In the CT model, we used the J48 algorithm based on C4.5, obtaining a pruned tree [19]. The JRip algorithm uses a rule learner: Repeated Incremental Pruning to Produce Error Reduction (RIPPER) [20]. We limited tree growth (CT) and the number of rules (JRip), with a minimum of 20 instances.

For the BN, we used the TAN (Tree Augmented Network) variable relation search algorithm, which generates a graph that can be interpreted. This method does not assume the independence of the variables [21, 22].
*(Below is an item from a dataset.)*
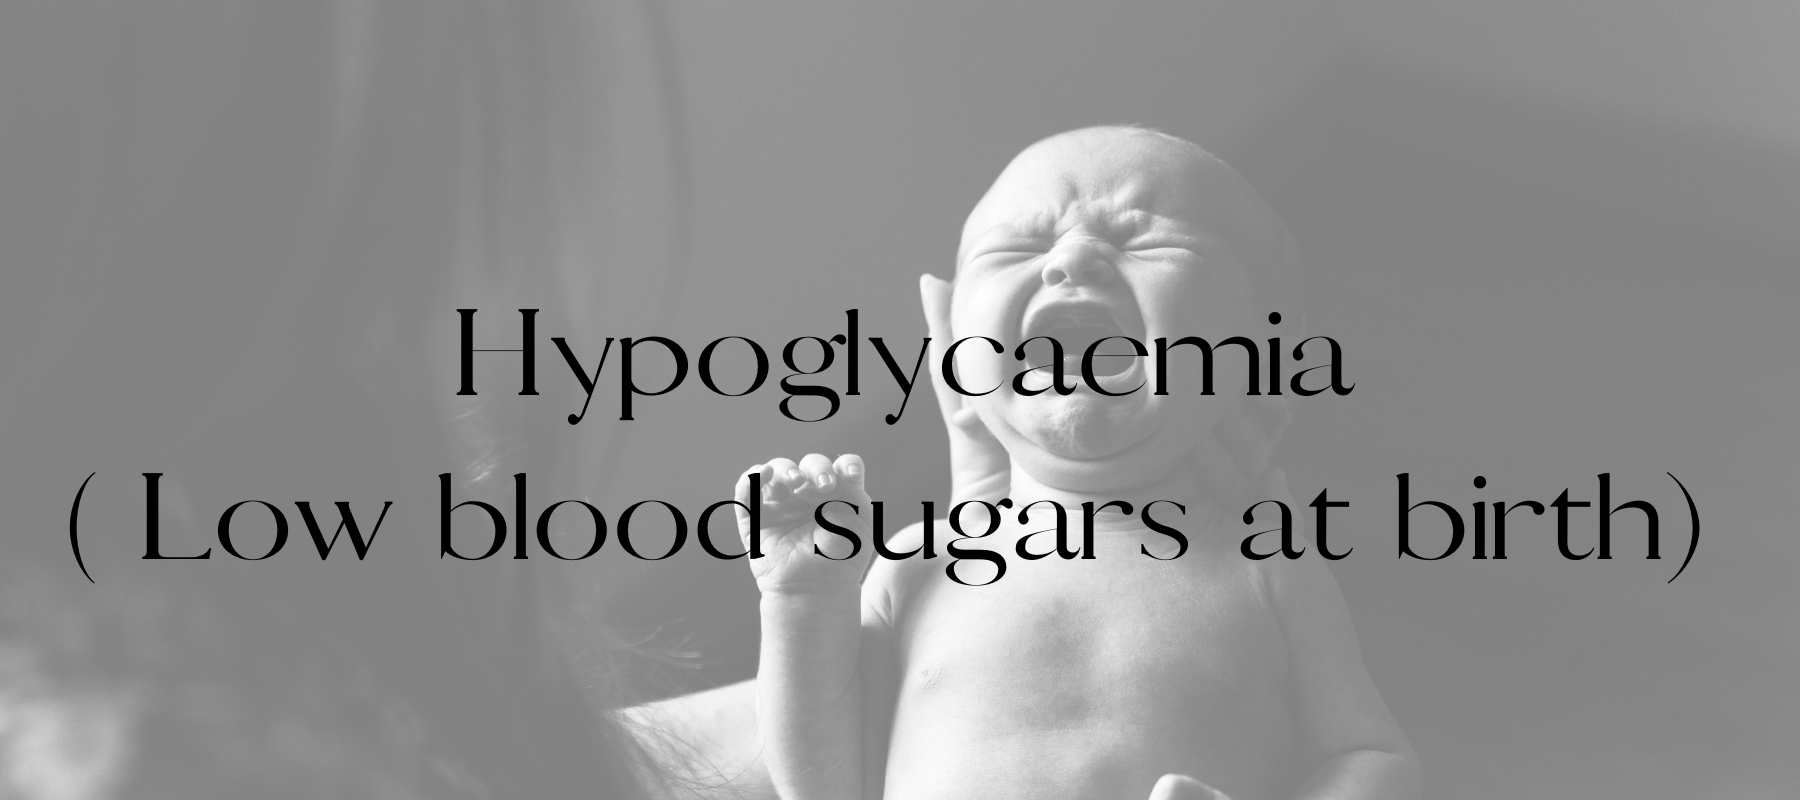 Hypoglycaemia (Low blood sugars at birth)

The SMO implements John Platt’s sequential minimal optimization algorithm for training a support vector classifier [23]. In NN, we used the automatic mode for selecting the number of nodes in the hidden layer, with a learning rate of 0.3 and a momentum of 0.2 [24]. In RFOREST, we selected ten trees with the C4.5 algorithm [25]. In the rest of the algorithms (ADABOOST and BAGGING), we used the parameters that WEKA incorporates by default [18, 26].

Algorithm evaluation

To evaluate the performance of the algorithms, we used the calculation of accuracy, specificity, precision, recall, F-measure, and the area under curve ROC (AUC).

A patient who dies can be classified correctly (true positive-TP) or incorrectly (false negative-FN) and a patient who survives can be classified correctly (true negative-TN) or incorrectly (false positive-FP). We define the evaluation indices as:

  • Accuracy. The proportion of patients that are correctly labelled among the total number of patients. Accuracy = (TP + TN)/(TP + TN + FP + FN).

  • Specificity. The proportion of patients predicted as survivors and are correctly identified. Specificity = TN/(TN + FP).

  • Precision. The proportion of patients that are correctly predicted as dead among those labelled as dead. Precision = TP/(TP + FP)

  • Recall (Sensitivity). The proportion of dead patients that are correctly labelled. Recall = TP/(TP + FN)

  • F-measure. A measure that combine both Precision and Recall. F-measure = (2 x Precision x Recall)/ (Precision + Recall).”

WEKA’s Experimenter module, with ten repetitions, allows one to establish whether there are statistical differences between the evaluated properties of the algorithms using the paired T-Test (corrected) [18].

Results

The RETRAUCI database enrolled 9790 patients in the 2015–2019 period. With 165 records, the data was not complete. The study group includes 9625 patients with a median age of 48 (33–64) years, 77.8% men and a hospital mortality of 12.6% (1212 patients).

Table 2 show demographic and clinical characteristics of patients according to mortality. Table 3 show values in the AIS model scale according to anatomical zone and mortality. It is observed that the factors without significant differences between survivors and non-survivors also have less weight (see last column of Table 1) according to WEKA’s attribute selection criteria. The ANECK and AFACE variables, with the lowest values, were not used in the construction of the models. The most important factors (PointGCS and AHEAD) are those associated with traumatic brain injury (TBI).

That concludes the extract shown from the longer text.